Now, one might hope to bring these both together, to find a way to write or speak in a manner that teaches even the masses, but can be delved into, and deeply, by the disciplined. This would mean developing a mastery of language such that the ascent would never need one to abandon what has already been understood, that it would be only further up and further in. One would need a very great thinker to do this, who understands things from their origin and can bring them to their end. One might conclude that only a God can save us now. Jesus taught in parables and welcomed even the little ones.

In the meantime, this Slate Star Codex episode raises a question. Just how smart, or how actually elite, do we think the New York Times team is? What about the rest of the media establishment? While for the day-to-day of living under social rules and respecting certain pieties, it doesn’t matter if inquisitors are true believers or if they’re cynics, it does suggest something about how long the thing can last. Lies are corrosive. Despite Francis Bacon, nature still tends to win.

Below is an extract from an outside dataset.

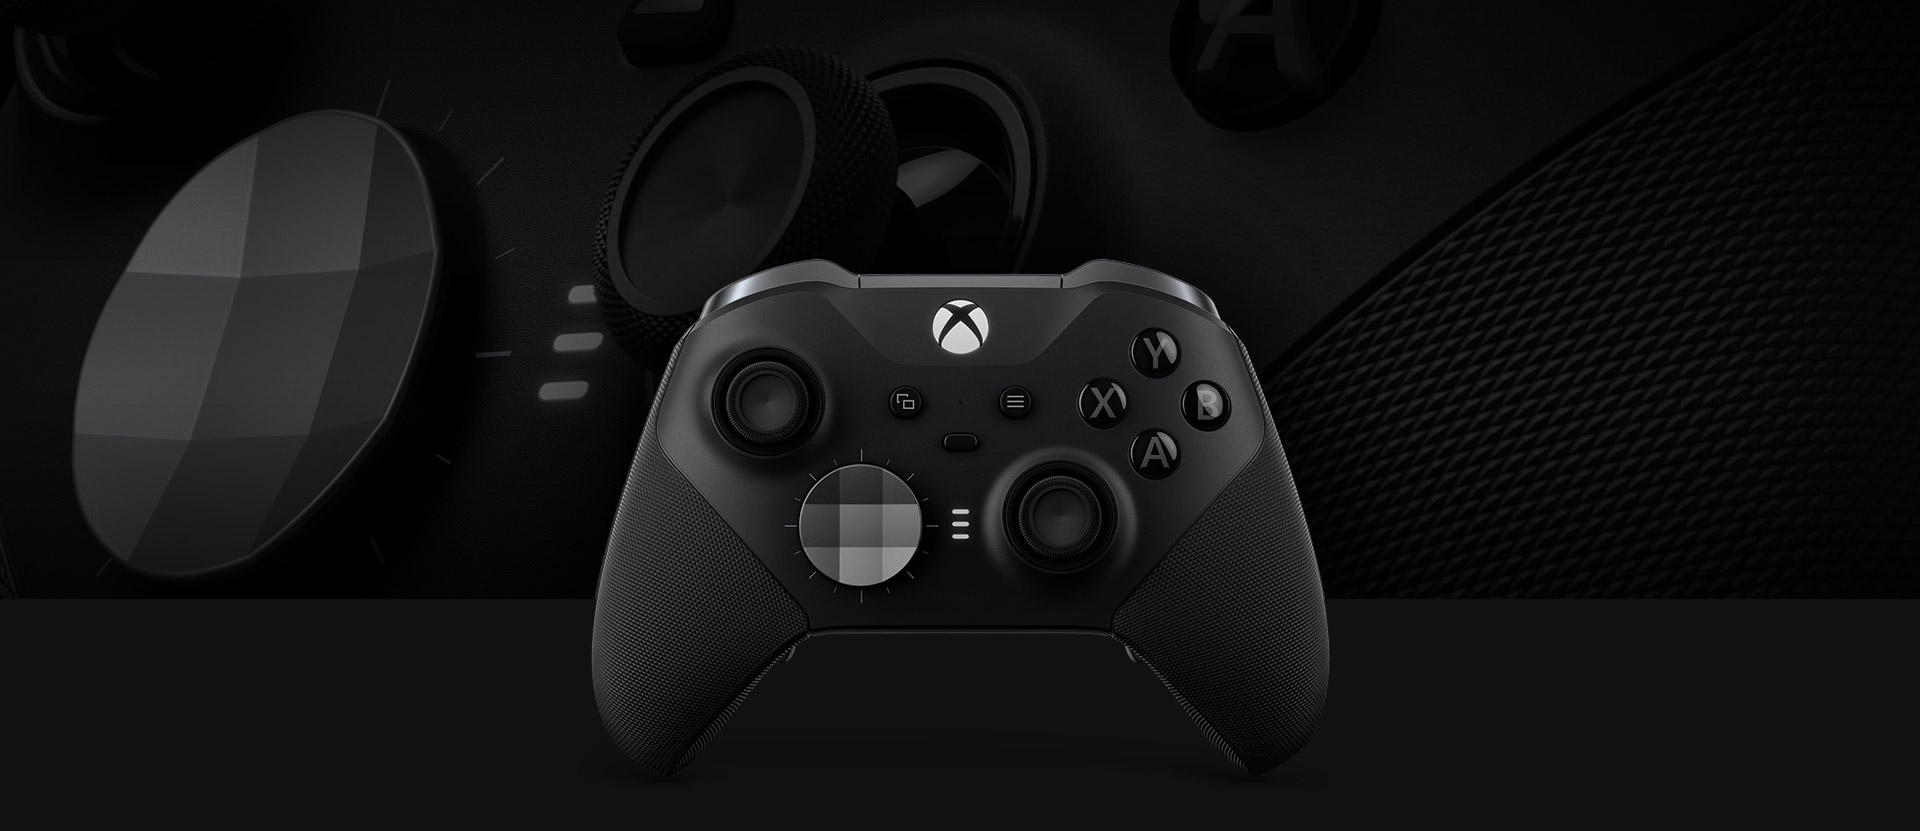 Vista frontal del Mando inalámbrico Xbox Elite Series 2 con un primer plano del mando en segundo plano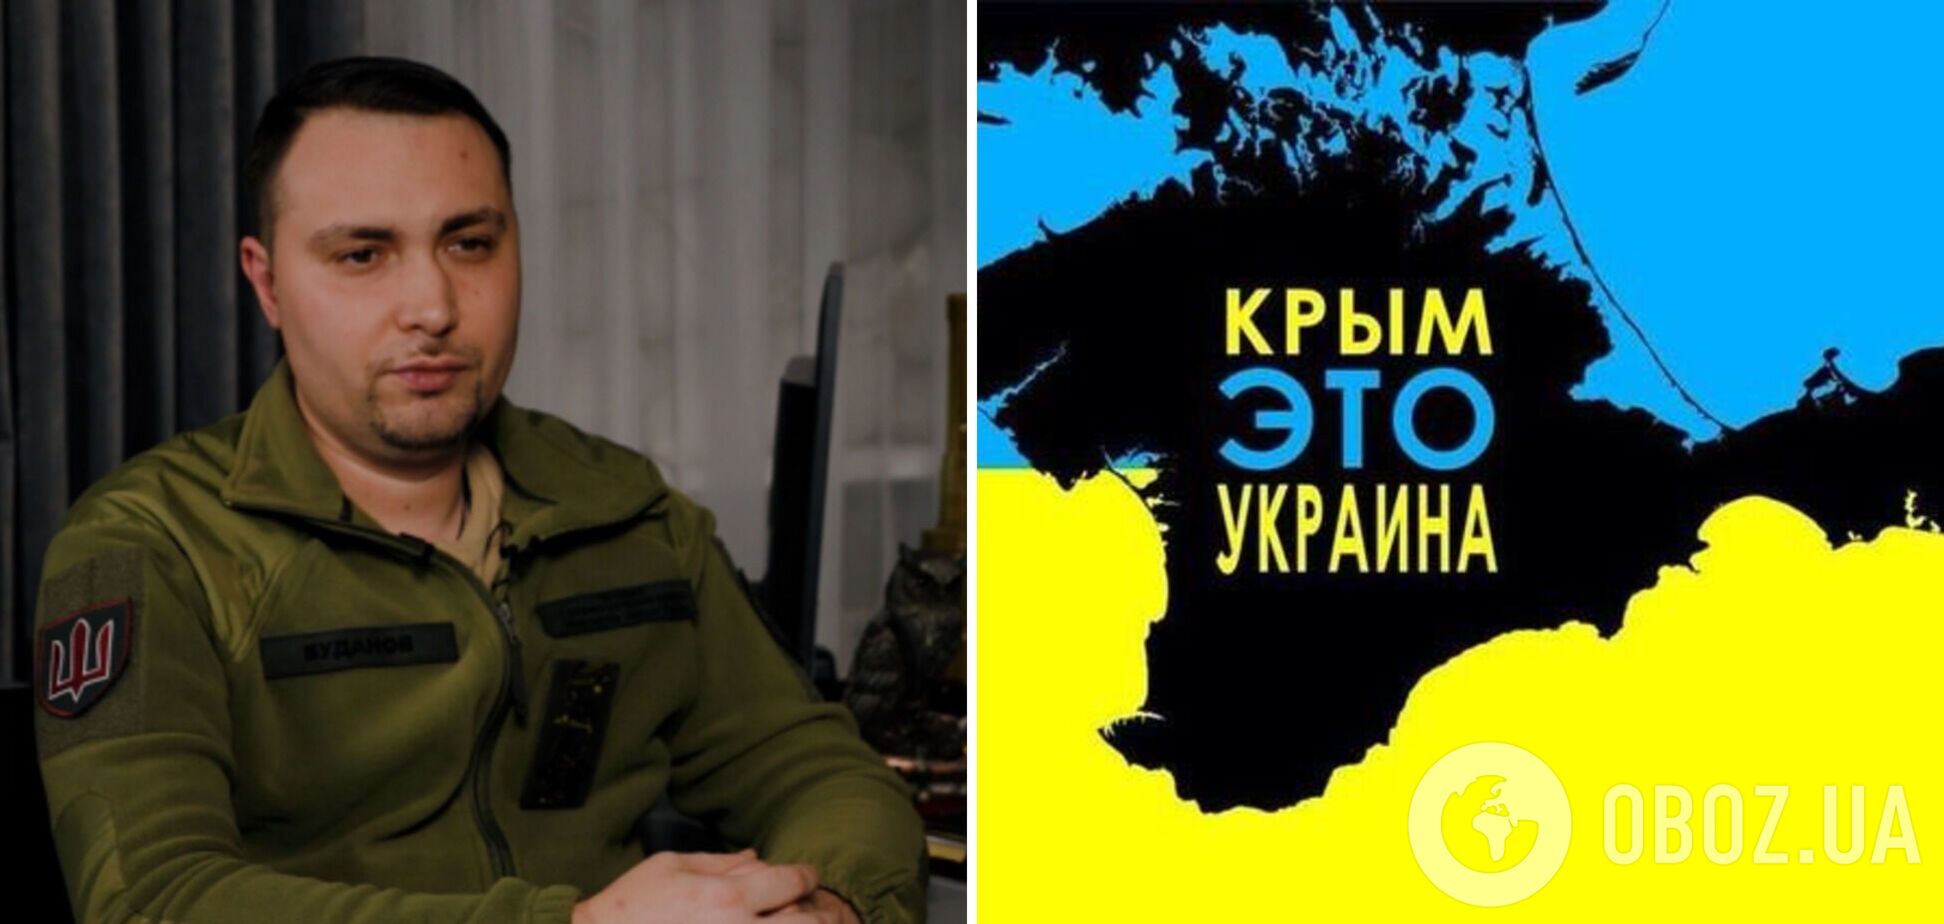 'Мы найдем каждого предателя': в оккупированном Крыму на радио прозвучало обращение Буданова о возвращении полуострова. Видео

From a longer view, as eminent moderns the space between Slate Star Codex and NYT is much smaller and emptier than either would ever admit aloud (though now Scott Alexander is sure to be signaling it often on his Substack). If the Old Gray Lady knows that, and just doesn’t want Grey Tribe company at the top, then the N.Y. and D.C. divide with S.F. and Miami is a civil war, which has its own sort of vitality. But if the media elite really have fallen into the narcissism of small differences, are writing inexactly, confusing turf for the regime, then it’s all artless decadence on decadence.